Briefly, GlueX will study reactions of the type $\gamma p\to X^+n$ or
$\gamma p \to X^0p$, where $X$ is and intermediate resonance of interest that decays to a
collection of stable hadrons. For the initial phases of GlueX running, the stable hadrons of
interest are $\pi^\pm$, $\pi^0$, $\eta$, and $\eta^\prime$. The goal is to isolate some collection
of stable hadrons, {\it e.g.,} $\pi^+\pi^-\pi^+$, and then study the initial state and intermediate resonances.

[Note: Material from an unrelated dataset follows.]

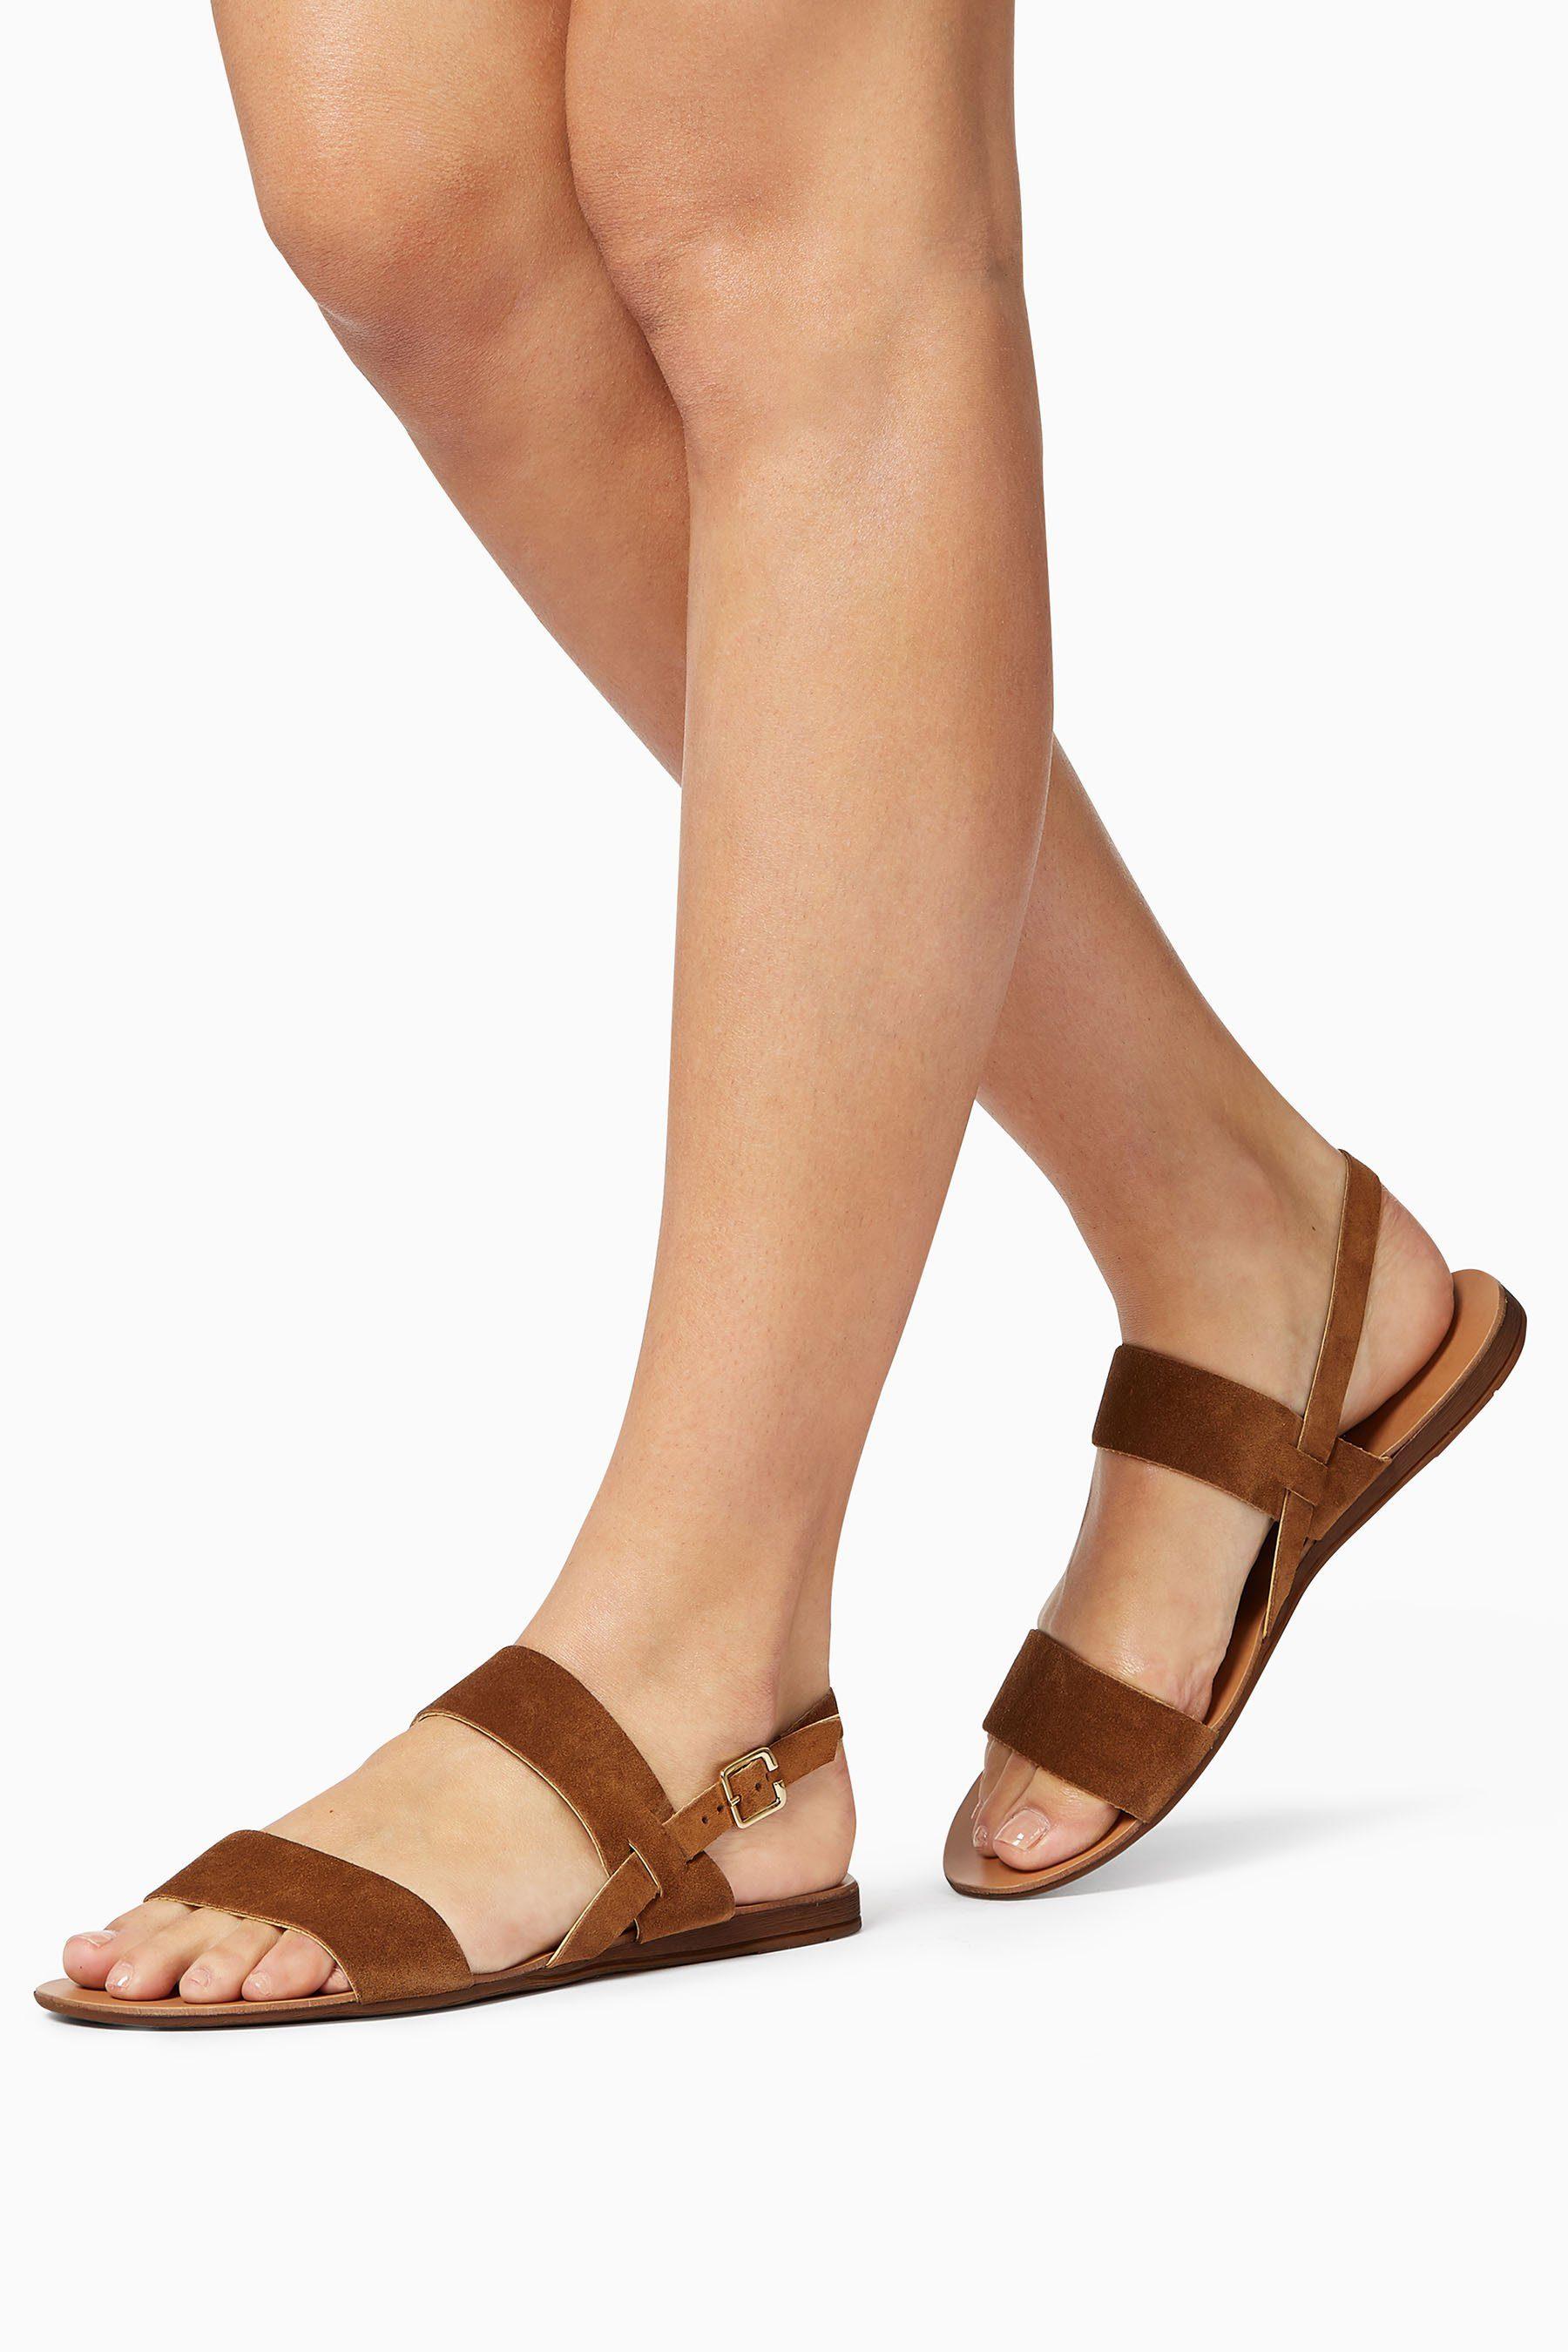 Next Sandalette mit doppeltem Knöchelriemen kaufen  Tan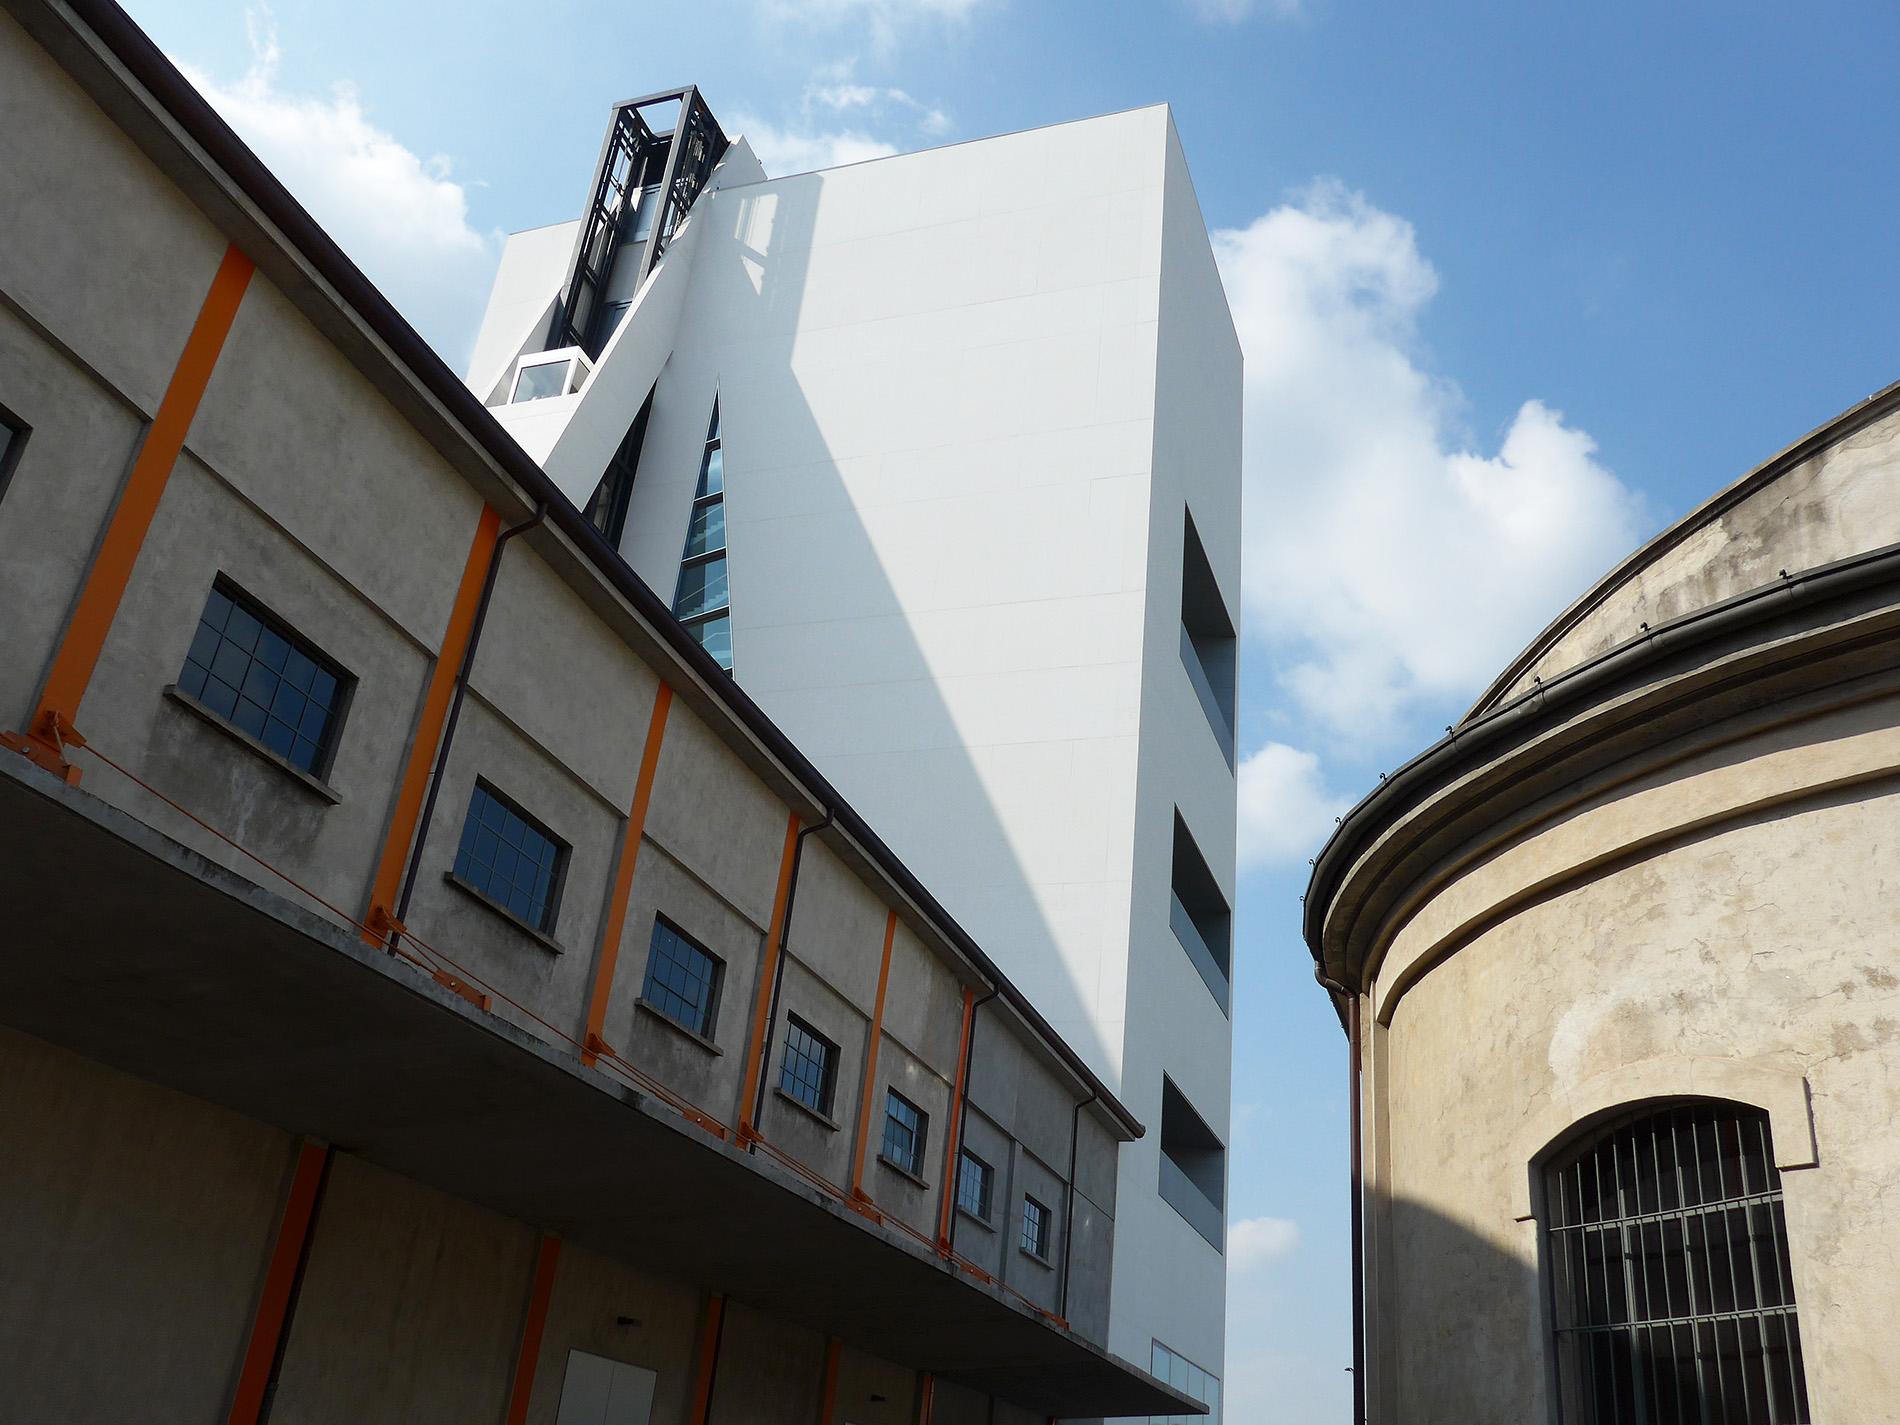 Torre – Fondazione Prada, der vertikale Turm kommuniziert mit den Industriebauten der Distillerie aus den Zehner-Jahren. Architekturprojekt OMA (Foto: Barbara Fässler)

For example, the final state $\pi^+\pi^-\pi^+$ may be populated by decays $a_2^+\to f_2\pi^+,~f_2\to\pi^+\pi^-$ or
$\pi_2^+\to \rho^0\pi^+,~\rho^0\to\pi^+\pi^-$. For any collection of final state particles we want to identify
all such initial states $X$ and measure the quantum numbers (total angular momentum $J$,
parity $P$, and charge conjugation $C$) of $X$. The quantum numbers of the initial state are determined by
performing and unbinned maximum likelihood fit to the angular distributions of the data, this is discussed
in more detail below. In summary the analysis process has two key steps: (1) the selection of a signal-rich
sample of events in which a particular collection of final state hadrons is produced, and (2) the subsequent
``amplitude analysis" of the angular distributions of these events in order to extract intermediate
resonances and their quantum numbers.
\subsection{Event Selection}
After the raw data events are reconstructed they will be classified into several categories. While the classification
may become detailed at later stages of the experiment, we expect initial classification to require
that there be a tagged incident photon that has energy that is approximately equal to the observable
energy in the detector. Because of the fact that the level 1 hardware trigger for the experiment is very
loose and many photons are produced outside the tagging range we expect that about 10\% of all
triggered events will satisfy this initial selection criterion, and these events will be the starting point for
physics analysis by members of the collaboration. This sample of events is expected to be resident on disk and all
analyzers will conduct their own skims of this data. We plan to retain the minimum amount of high level
information in order allow complete analysis of the event while reducing the disk footprint.
The next stage in the analysis process will be to define selection criteria that isolate a particular
set of final state particles. In order to avoid unintentional bias at this stage in the analysis we plan to use
samples of inclusive Monte Carlo generated with the version of Pythia tuned for photoproduction,
\emph{bggen}. As results emerge from GlueX, it is expected that this generator will be refined to more
accurately reflect the true background reactions. We will have a sample of Pythia-generated
photoproduction events available for analysis that is at least a factor of two larger than the data
sample collected with the experiment. This sample will allow users to understand the dominant
backgrounds for a particular analysis and develop event selection criteria to minimize those backgrounds.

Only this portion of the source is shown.